The ruling has done little for immigrants, however. Take Hov Ly Kol, a 35-year-old Cambodian who's called South Philly home with his single mother since he was 10. In August, he was deported for robbery charges to which he pleaded guilty in 1995. Since he was released in 2007, he's "totally rehabilitated ... . He [got] involved with volunteering with kids, tried to tell them not to make his mistakes," says Seng. Kol's lawyer fought for a stay of removal on the basis of Padilla v. Kentucky, among other rulings, but could barely get in touch with her client. According to Kol's family, he was transferred to six different detention centers — from York, Pa., to Tacoma, Wash. — in the few weeks leading up to his Aug. 31 deportation.

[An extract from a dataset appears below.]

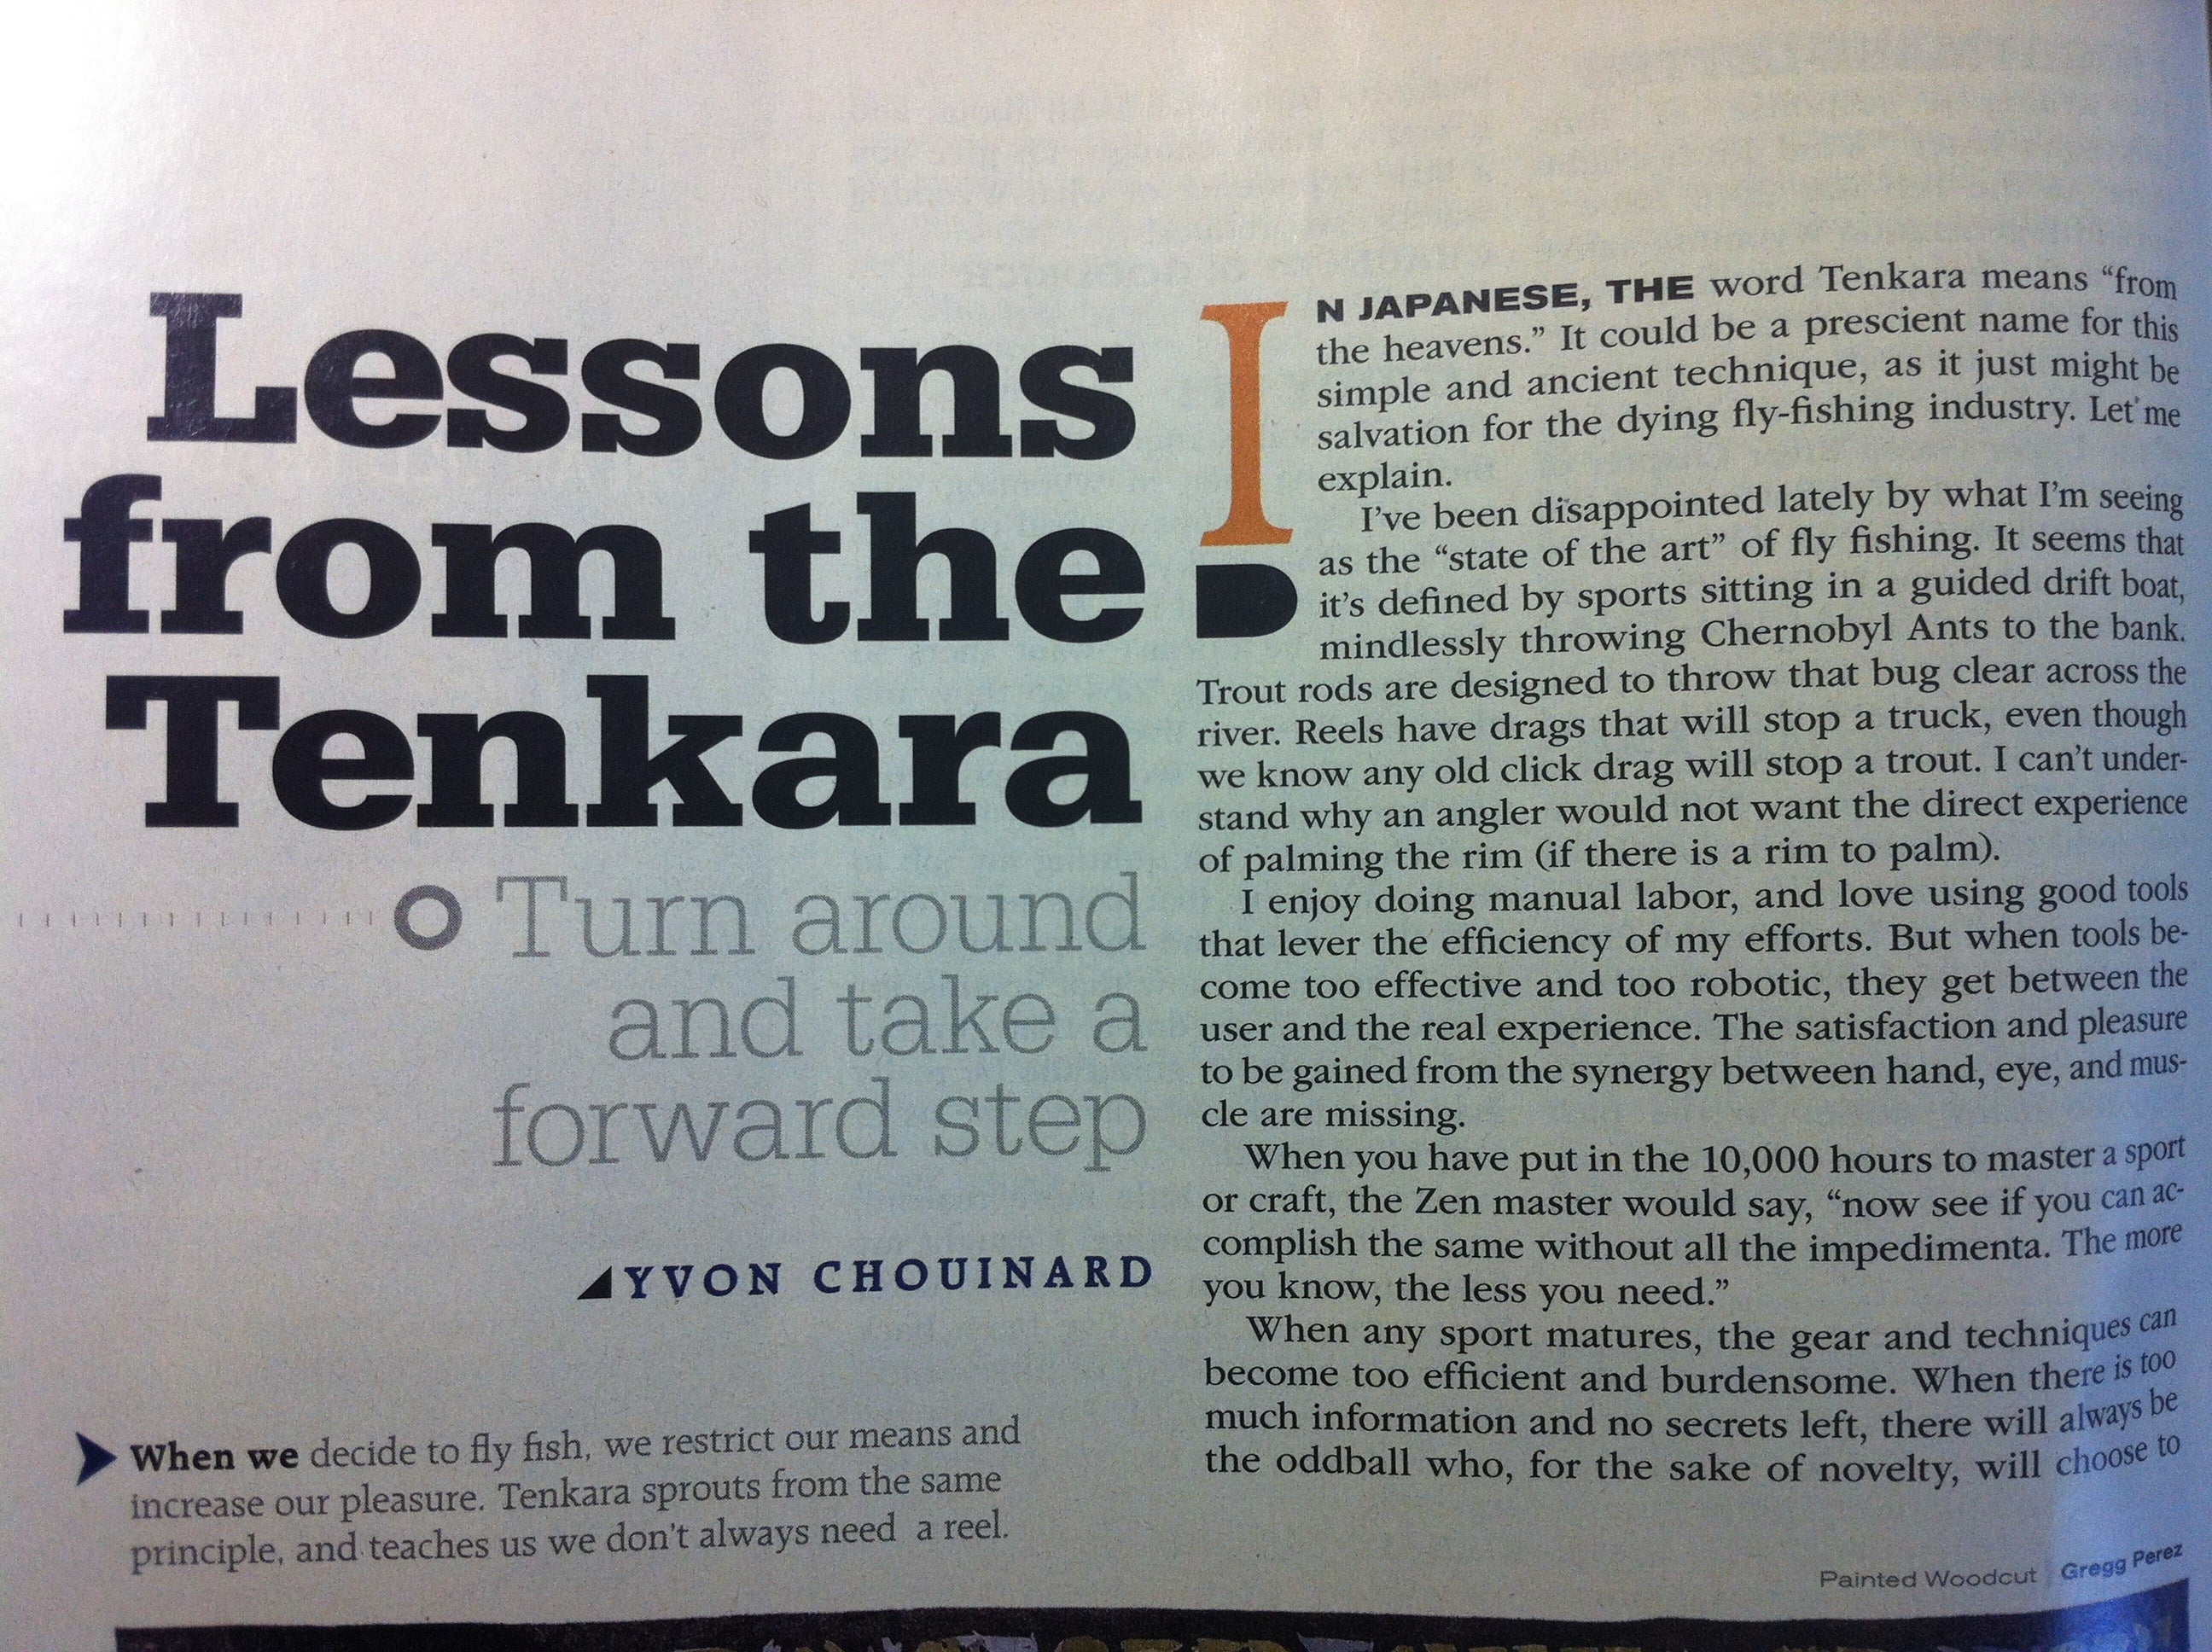 Tenkara featured in current Fly Fisherman magazine Article by Yvon Chouinard

U.S. Rep. Bob Brady even lobbied for Kol, writing in a letter to ICE: "Due to ... Padilla v. Kentucky, it is possible that Mr. Kol is eligible to file to reopen the criminal matter that serves as the basis for his order of deportation ... [I] strongly encourage that steps be taken so as to preserve Mr. Kol's right to due process of law. This would include staying his deportation for a reasonable period of time."

Even then, it wasn't.

"There needs to be a review mechanism," says Morley, "where people like [Iv] can show that they've learned their lesson and have been good men not just for a few months, but for years and years after being released."

Perhaps because local Cambodians are beginning to see events that initially felt like victories — Padilla v. Kentucky, Obama's presidency, the empathy of a local congressman — as defeats on time-release, they believe the worst is yet to come. They look at the current administration's record-high expectations for deportations, and feel at once targeted and forgotten — even like the sacrificial lamb for immigration reform.

"They want criminal aliens, and these guys are on supervised release, so they have easy access to them. All they have to do is wait until they check in for the month," says Kiernan, adding, "The issue of Southeast Asians being deported just continuously falls off the table, even among other advocates."

If the community is right about the months to come, perhaps the biggest tragedy won't be that more people like Iv will be gone, but what their loss will do to the generation after them. It's hard not to see their absence as a reflection of their own fatherless childhoods, and what that has led to.

At a protest outside Touch Up Barbershop this September, community members decried Iv's imminent deportation, and passed around a box for his family, for which he is the sole provider.

"Try to give some money," a man yelled into a speakerphone. "They need it."